Sunday was the proper wedding. I prepared as much as I could, but it was still mental looking at about 80% of all the people I know and have kept in touch with, all in the same place at the same time. The new suit arrived, the vows were written and the whole day was just one big rollercoaster, even the multitudinous photo’s don’t do it justice.
So I wear a ring now. It feels a bit odd. I take it off when I’m Danny Pensive, he doesn’t mind. Betty wouldn’t have it.
I need a waist coast, and some replacement cravats. I’ve got the waistcoat, which is not the MacDonalds issue charity shop one I threatened to get, but a proper one. No joy on the cravats though, and they’re expensive. I dislike ‘fashion’ shopping intensely. Just poking my head into to a Moss Bros or a Boss shop I’m not even looking at the clothes, but instead the predatory slightly camp shiny faced salesmen that slink around the place being ‘helpful’. I don’t really want their help to work out the size of a shirt in a packet I cant really see. This is not for me. Finally got the waistcoat after asking a man in the shop where the fitting rooms were. He didn’t work there. I know this is a highly unoriginal comic misunderstanding, but it did actually happen.

We turn up at the civic theatre on time but it is locked. When we are let in by one the tech’s I take a look around and see a very old theatre looking the worse for wear. It does though come as a surprise that we will be one of the last (if not the last) production put on here, as everthing gets moved over the road to the new corn exchange venue. The staff are really nice, but it does feel a bit odd when the three of us are left alone in the old church hall style venue. If not somewhat of a safety hazard. Poking around the old theatre I reveals it’s age with overly officious signage, faded posters the 1920′s and a broken piano with all the guts and springs showing. I imagine the home guard meeting in here like in Dad’s Army. I wander in the town of Bedford which is uneventful but for purchasing this months Doctor Who magazine. We are given a rider! It is mostly cakes and crisps, which I munch on, ignoring the bananas. I think I’m the heaviest I’ve been since the beginning of the year. Healthy eating on tour eating is so hard, much harder than Edinburgh. The show is surprisingly good, like gang show entertainment.

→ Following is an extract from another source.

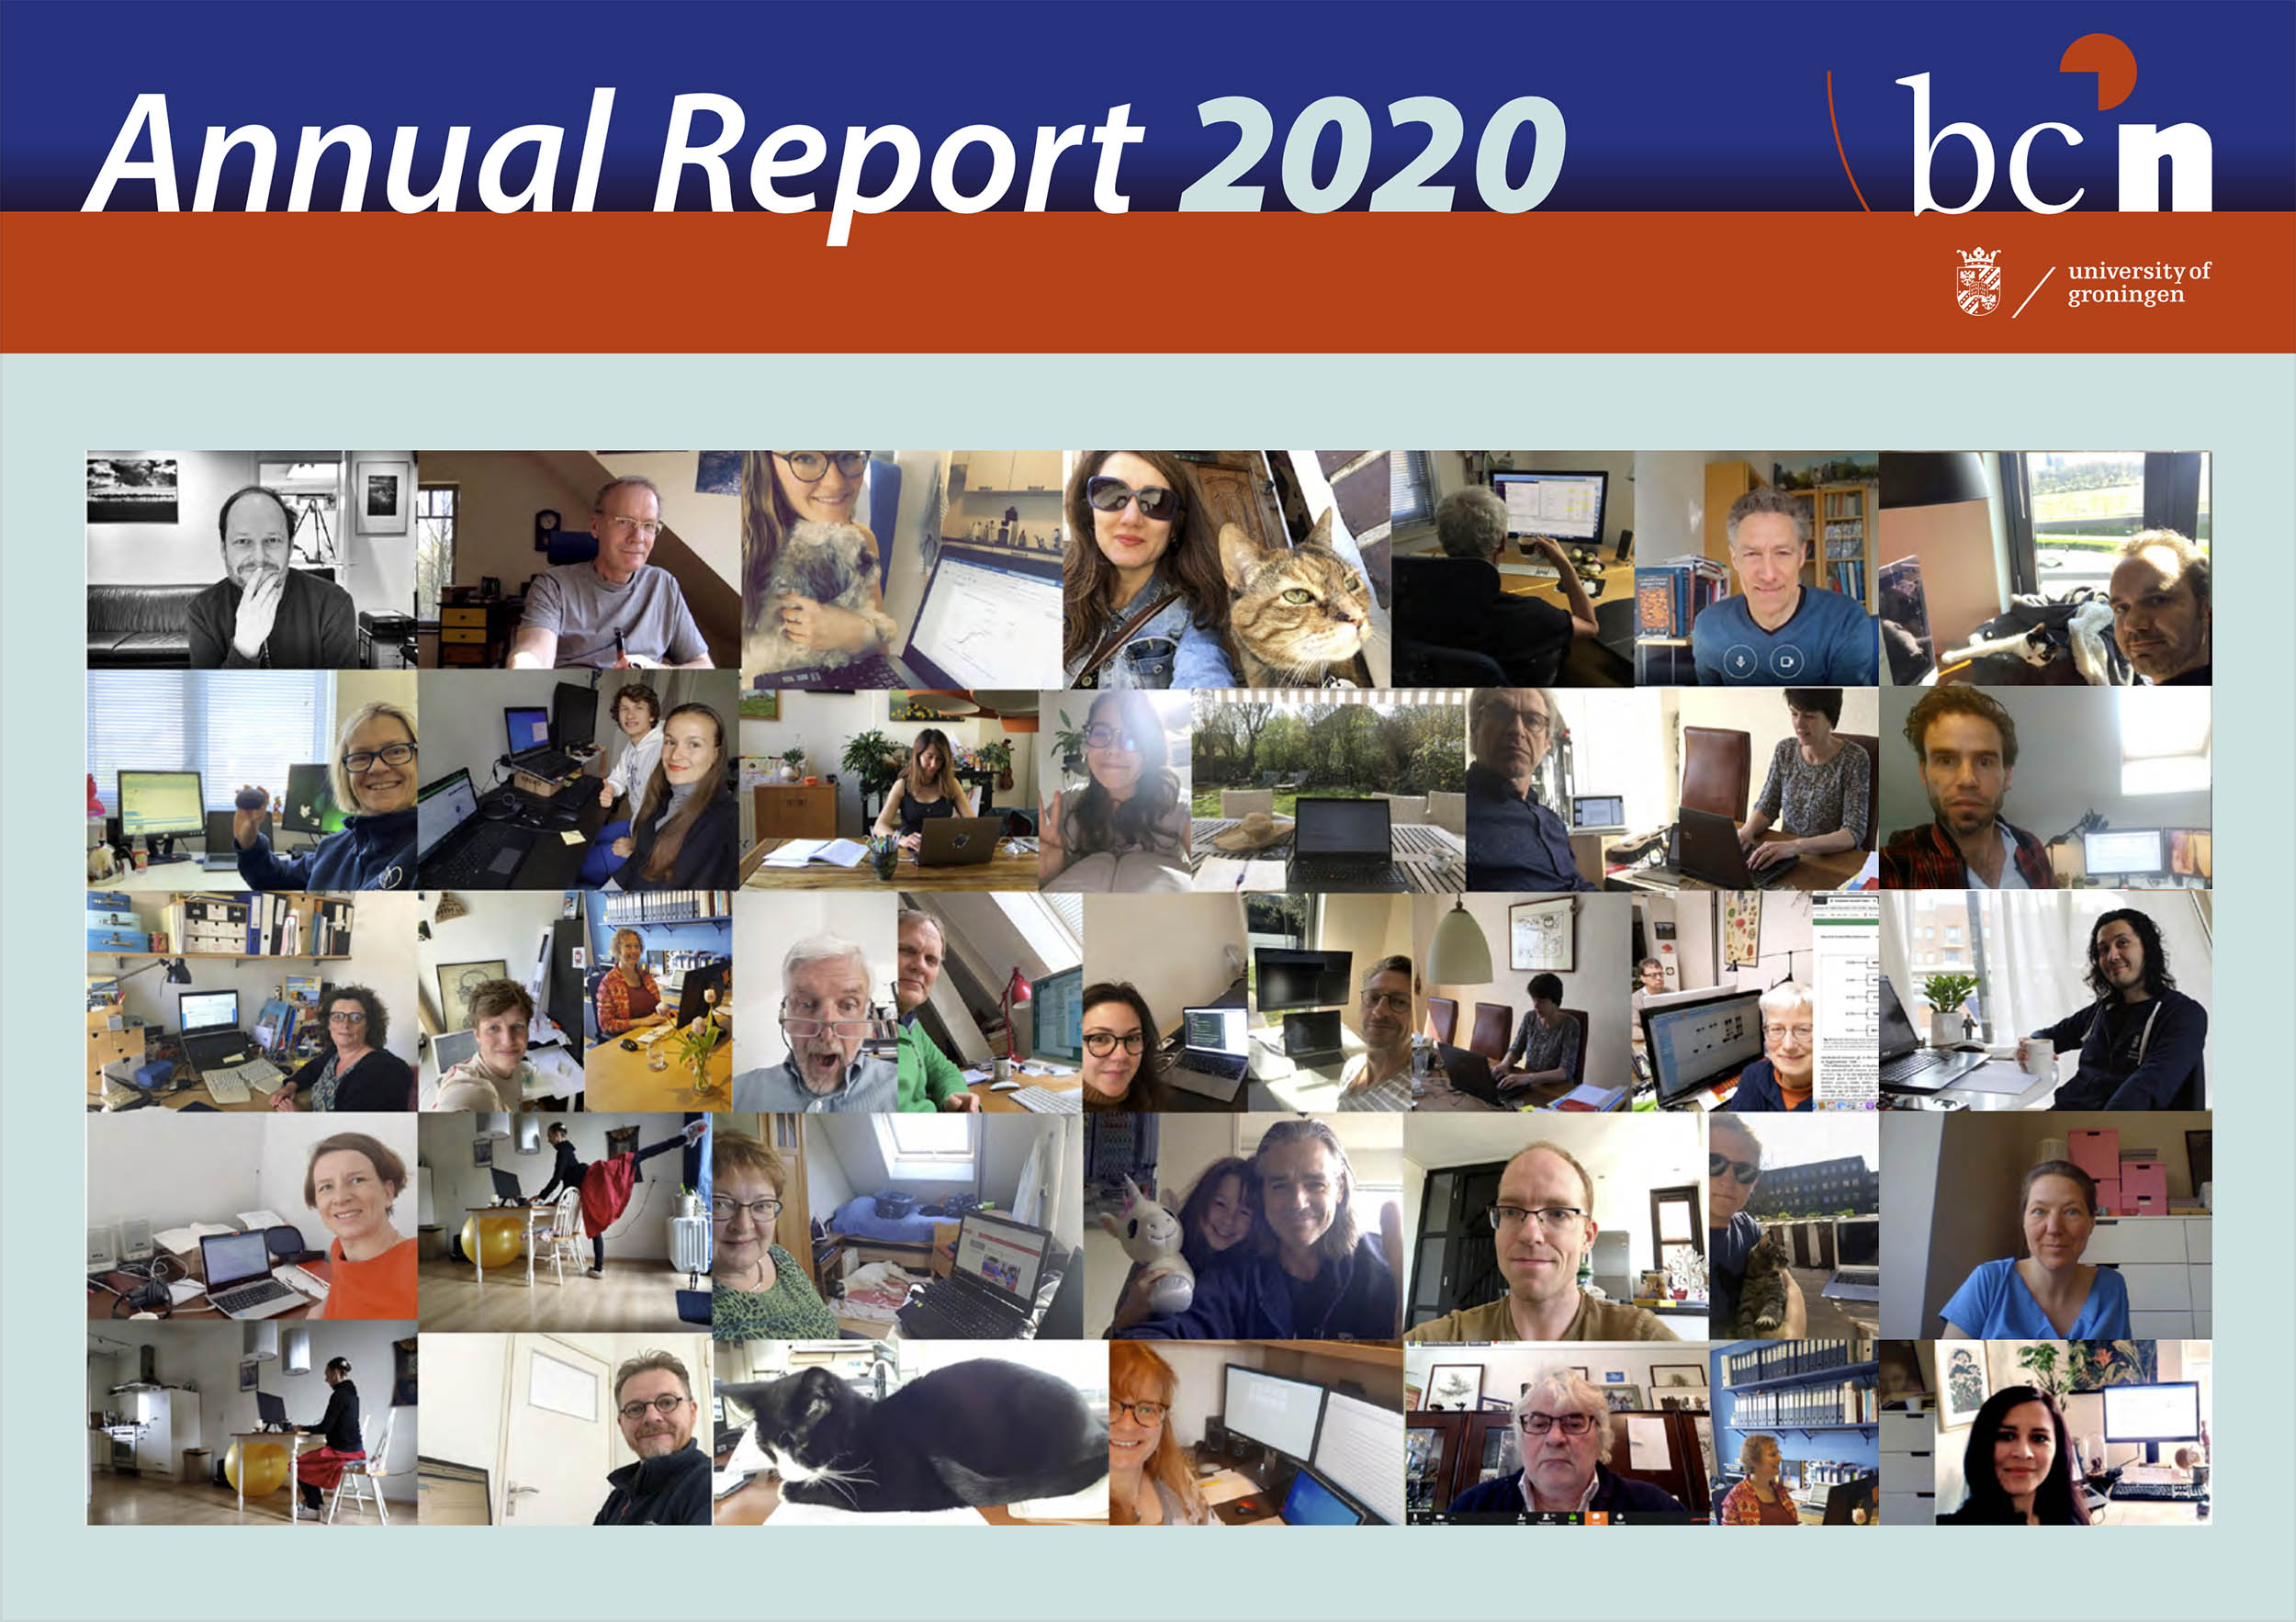 BCN Annual Report 2020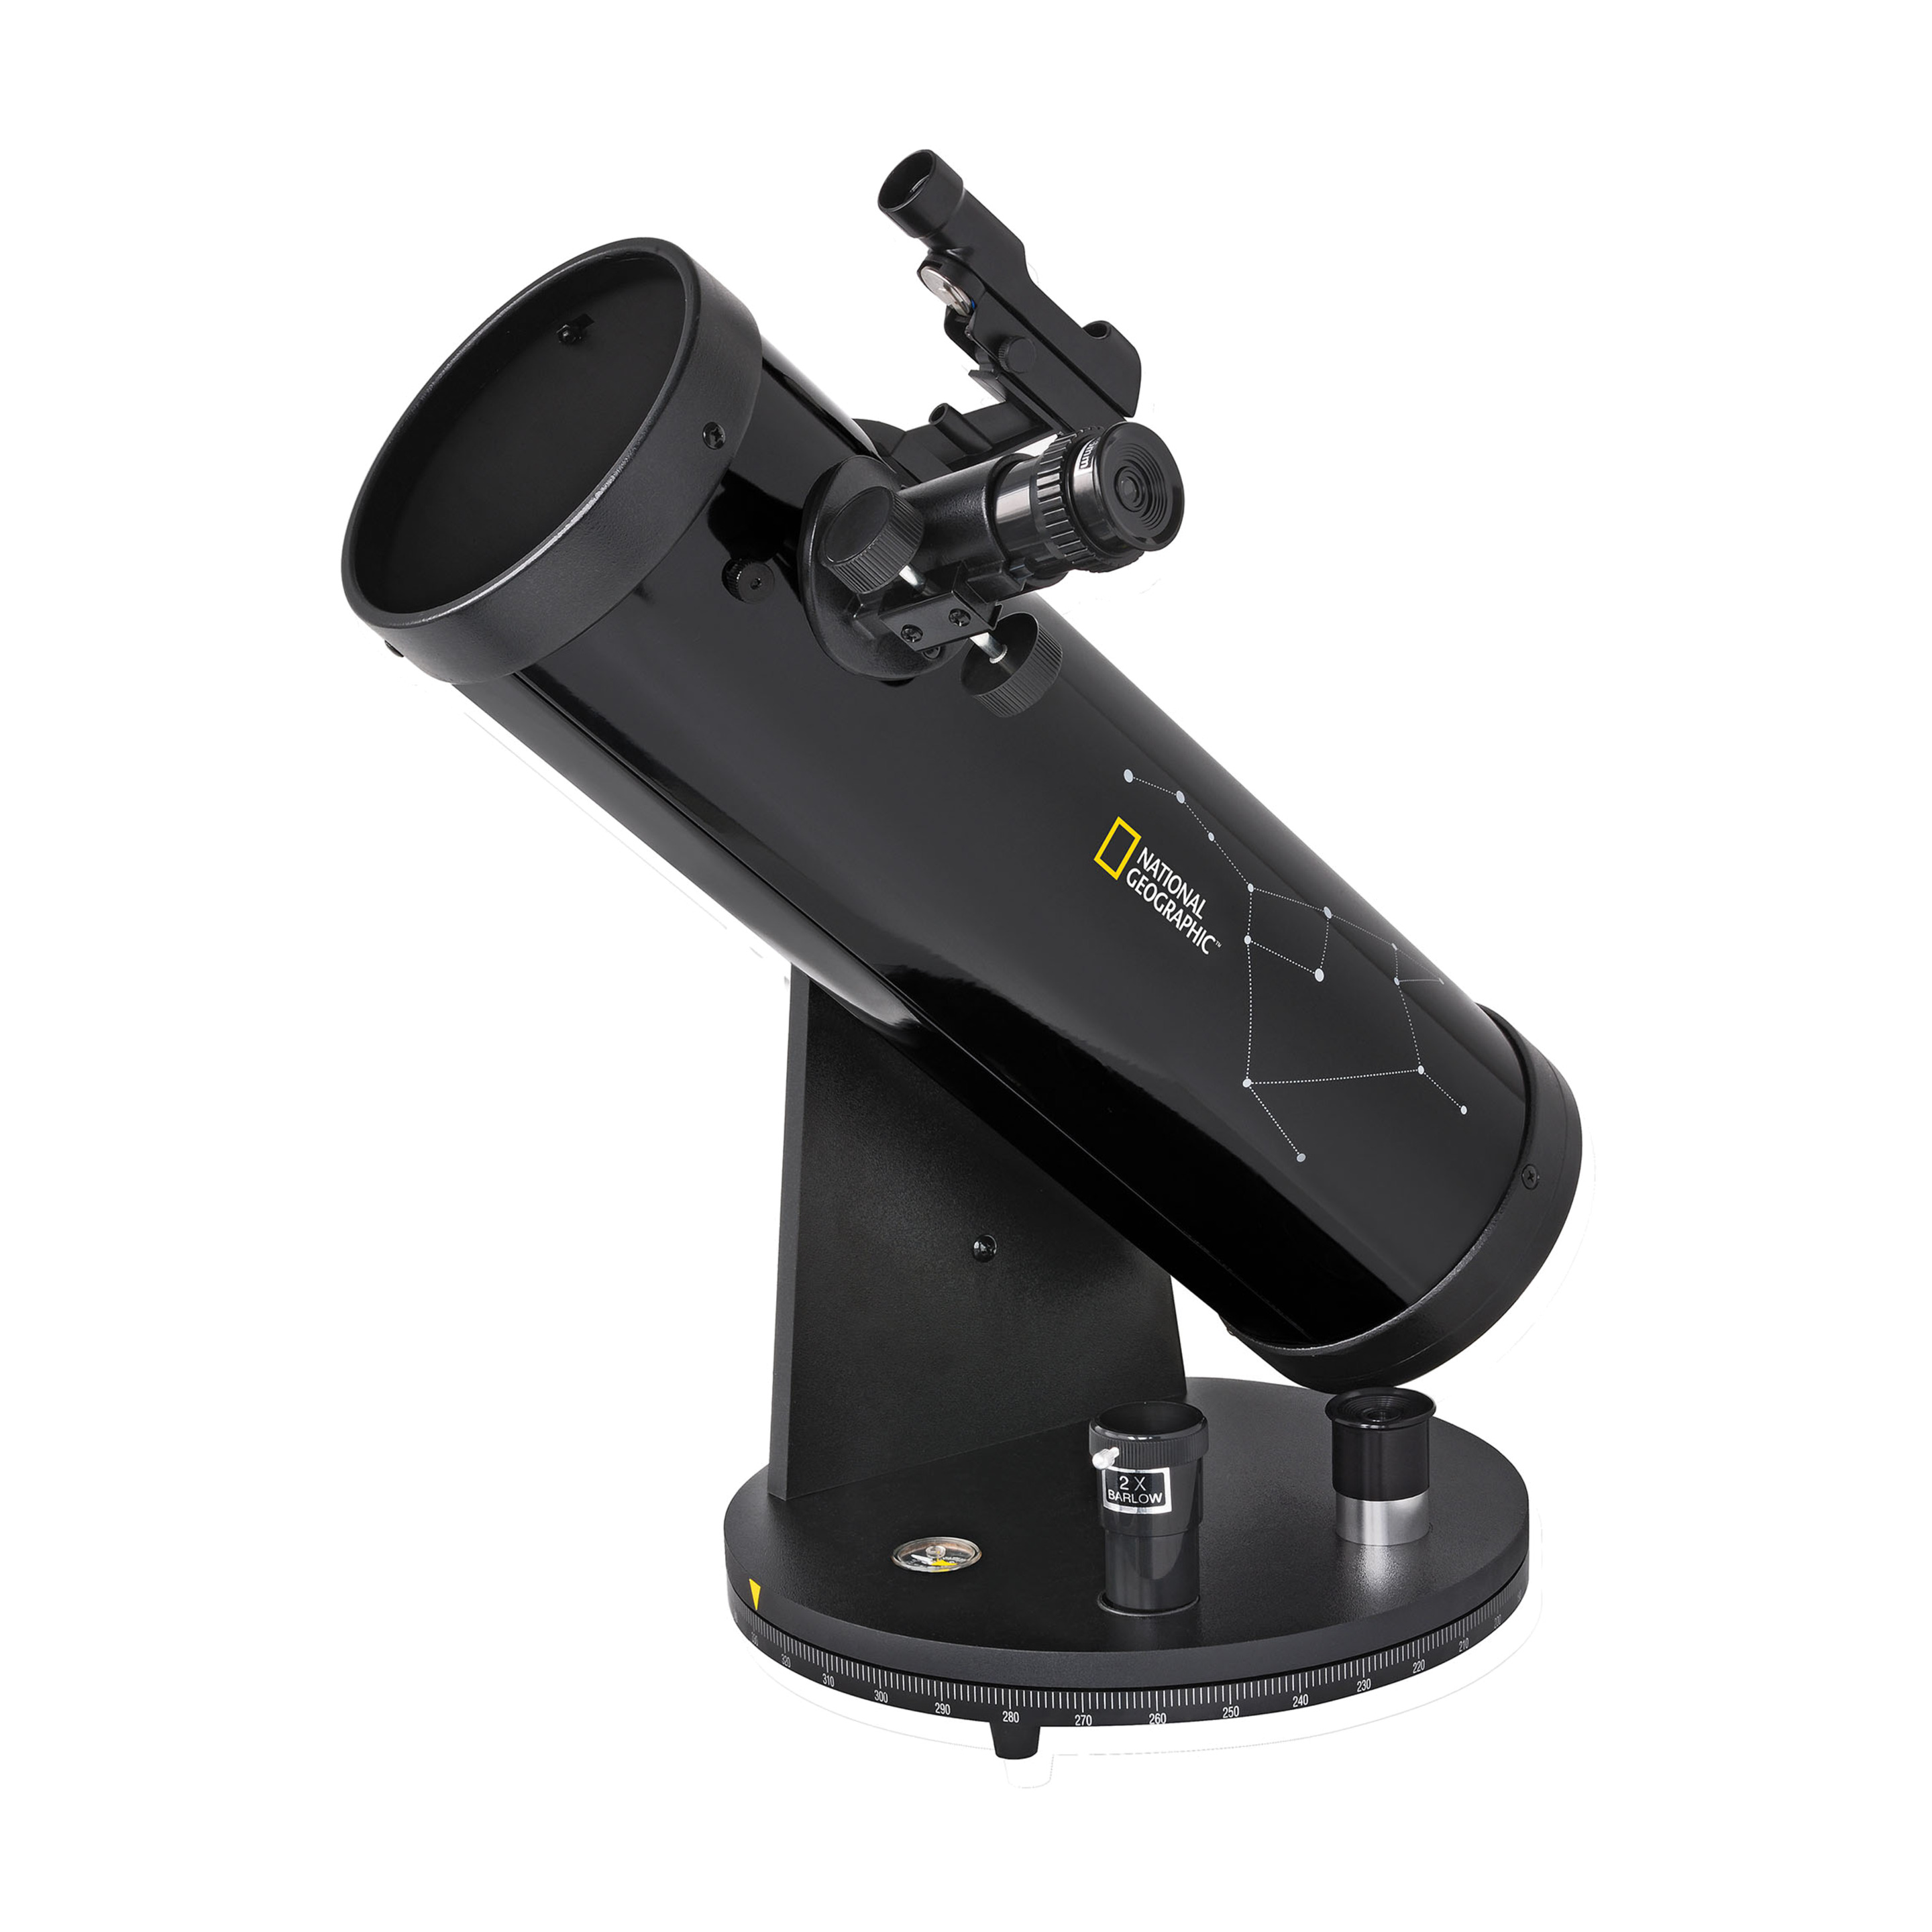 National Geographic 114/500 National Geographic Compact Telescópio Astronómico Automático - Preto | Sport Zone MKP

It’s quiet, not much is open and getting dinner is a chore as we go into the pub next to the Kings Theatre. Seeing someone eating a Sunday lunch I try to work out how they knew to order it being that there are no menus on the tables, and no specials board. On asking for a menu we get a single piece of A4 paper, with no mention of Sunday lunch on it. I go to the bar and ask if they do Sunday lunch. There’s is a noticeable pause before the girl replies ‘We do a Sunday roast?’ Bless. She brings a friend of over to help with the sentence ‘We’ve got Chicken, Beef or Pork, but no Chicken’. Charlie notices seating upstairs and tests them further. ‘Yes you can sit upstairs, but there’s no table service upstairs’ came the seemingly adequate reply until we realise the kitchen is upstairs and the serving waitresses have to go upstairs in order to fetch the food down.
The theatre is gorgeous, another ageing beauty. The show is great too, and after we to the Phoenix for a pint where I get uncharacteristically shirty, then calm down (I’m just tired). The walls are awesomely covered with signed photo’s and I get snap happy on pictures of Bernard Horsfall, David Yip, Sue Pollard, Tom O’Conner, Bernard Breslaw, Spike Milligan and the pub dog.